As soon as Tommy Fox began to dance with the strange lady (she was really Fatty Coon, you know), he saw very quickly that she was not a good dancer at all. She kept stepping on Tommy's feet, and tripping him. And Tommy kept wishing that the music would begin, so he could stop dancing. You remember that Jimmy Rabbit had said that this was to be a dance without music, and that everybody had to be blindfolded, too.

At first, Tommy Fox and his partner kept bumping into other dancers.
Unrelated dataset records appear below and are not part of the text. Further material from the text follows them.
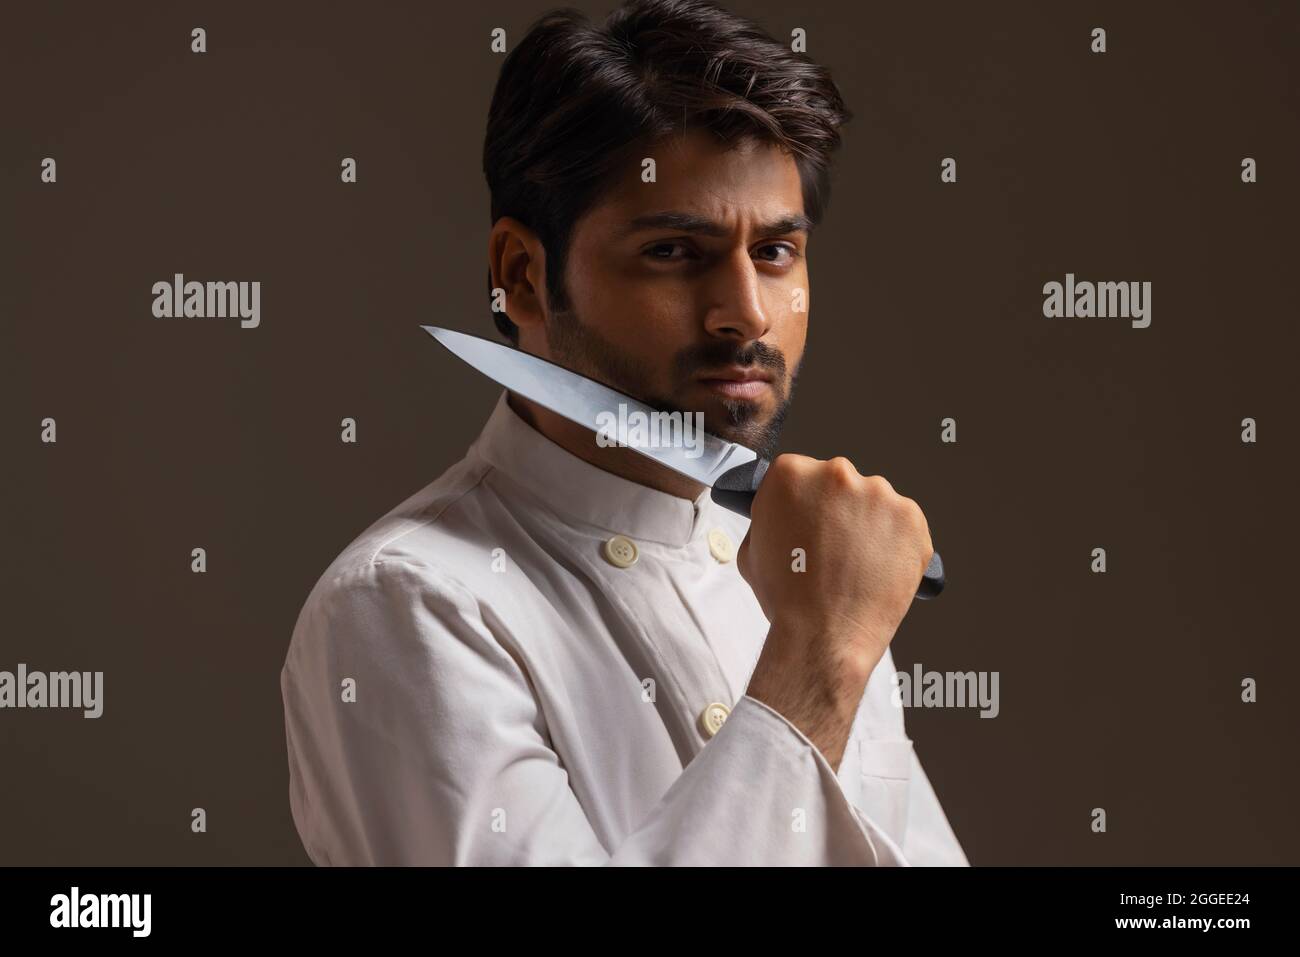 A CHEF POSING IN FRONT OF CAMERA IN SERIOUSNESS WITH KNIFE IN HAND Stock Photo
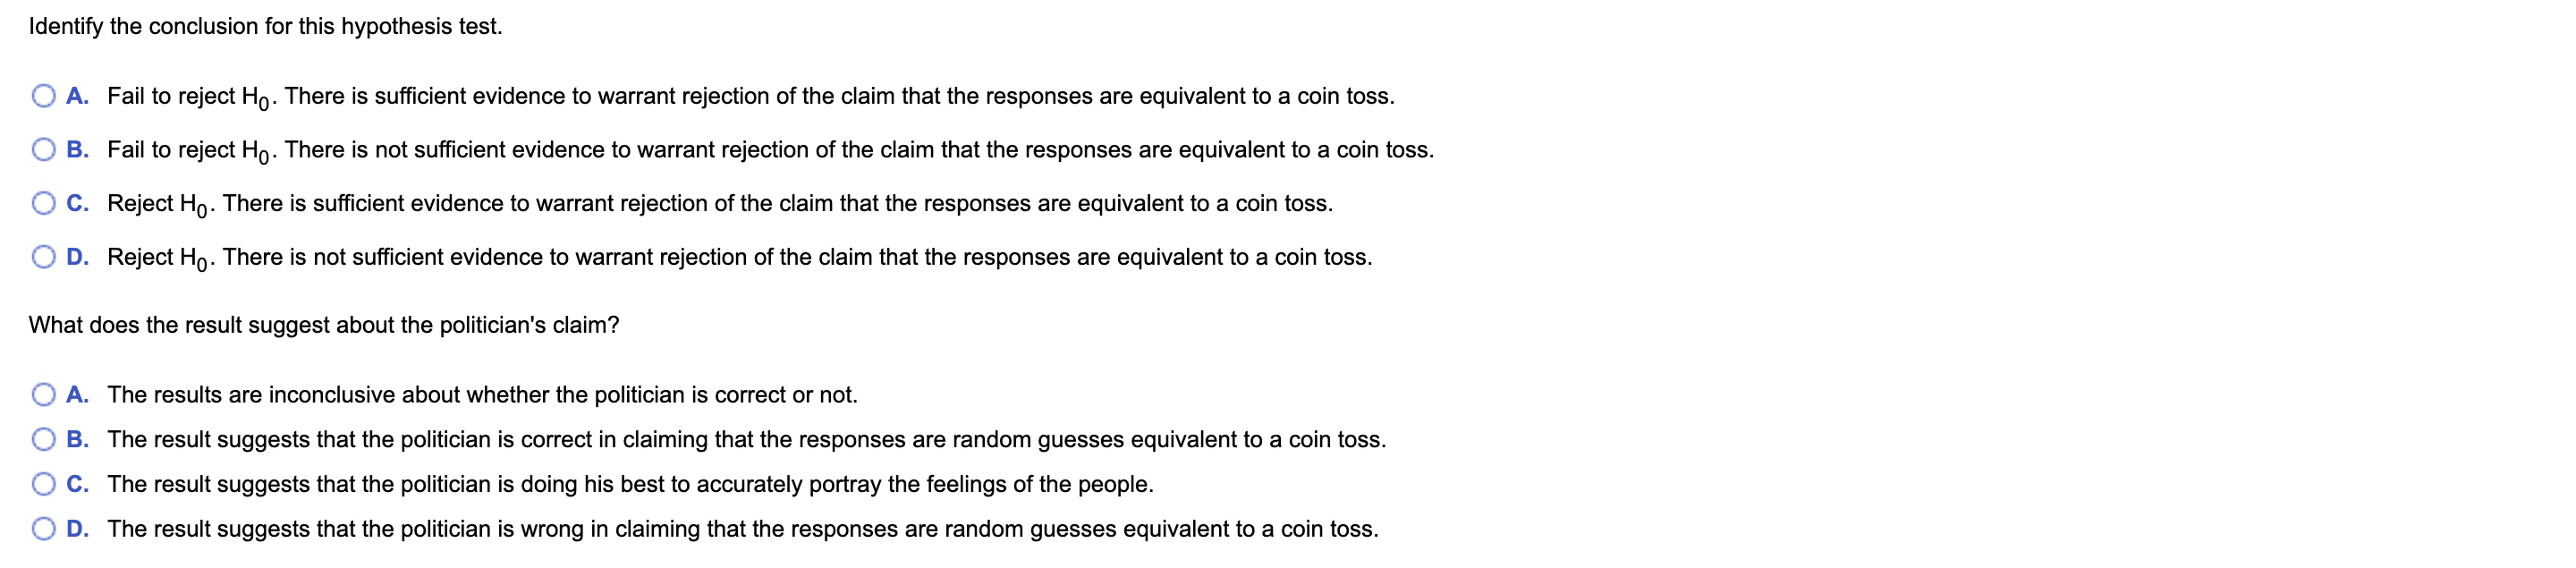 Identify the conclusion for this hypothesis test.
A. Fail to reject Ho. There is sufficient evidence to warrant rejection of the claim that the responses are equivalent to a coin toss.
B. Fail to reject Ho. There is not sufficient evidence to warrant rejection of the claim that the responses are equivalent to a coin toss.
C. Reject Ho. There is sufficient evidence to warrant rejection of the claim that the responses are equivalent to a coin toss.
D. Reject Ho. There is not sufficient evidence to warrant rejection of the claim that the responses are equivalent to a coin toss.
What does the result suggest about the politician's claim?
A. The results are inconclusive about whether the politician is correct or not.
B. The result suggests that the politician is correct in claiming that the responses are random guesses equivalent to a coin toss.
C. The result suggests that the politician is doing his best to accurately portray the feelings of the people.
D. The result suggests that the politician is wrong in claiming that the responses are random guesses equivalent to a coin toss.

That was natural enough, too, because how[p. 102] could anyone see, with a pocket-handkerchief tied over his eyes?

After a while Tommy noticed that they bumped into fewer and fewer people, until at last they never ran into any others at all. But he never stopped to wonder at that. He was only glad that it was so.

Being blindfolded, he had not seen what was going on. But Jimmy Rabbit was very busy. He kept going up to all the rabbit dancers, and whispering to them, and telling them to take their pocket-handkerchiefs off their eyes and run away, because Tommy Fox and Fatty Coon had come to the Rabbits' Ball, without being invited. So two by two the dancers stole off, until there were only three of the merrymakers left. Two of those were Tommy Fox and Fatty Coon, who were still dancing, still blindfolded, and each still thinking that the other was a rabbit. The third[p. 103] was Jimmy Rabbit himself. But he was not dancing. He was peeping out from behind a tree, and wondering what was going to happen.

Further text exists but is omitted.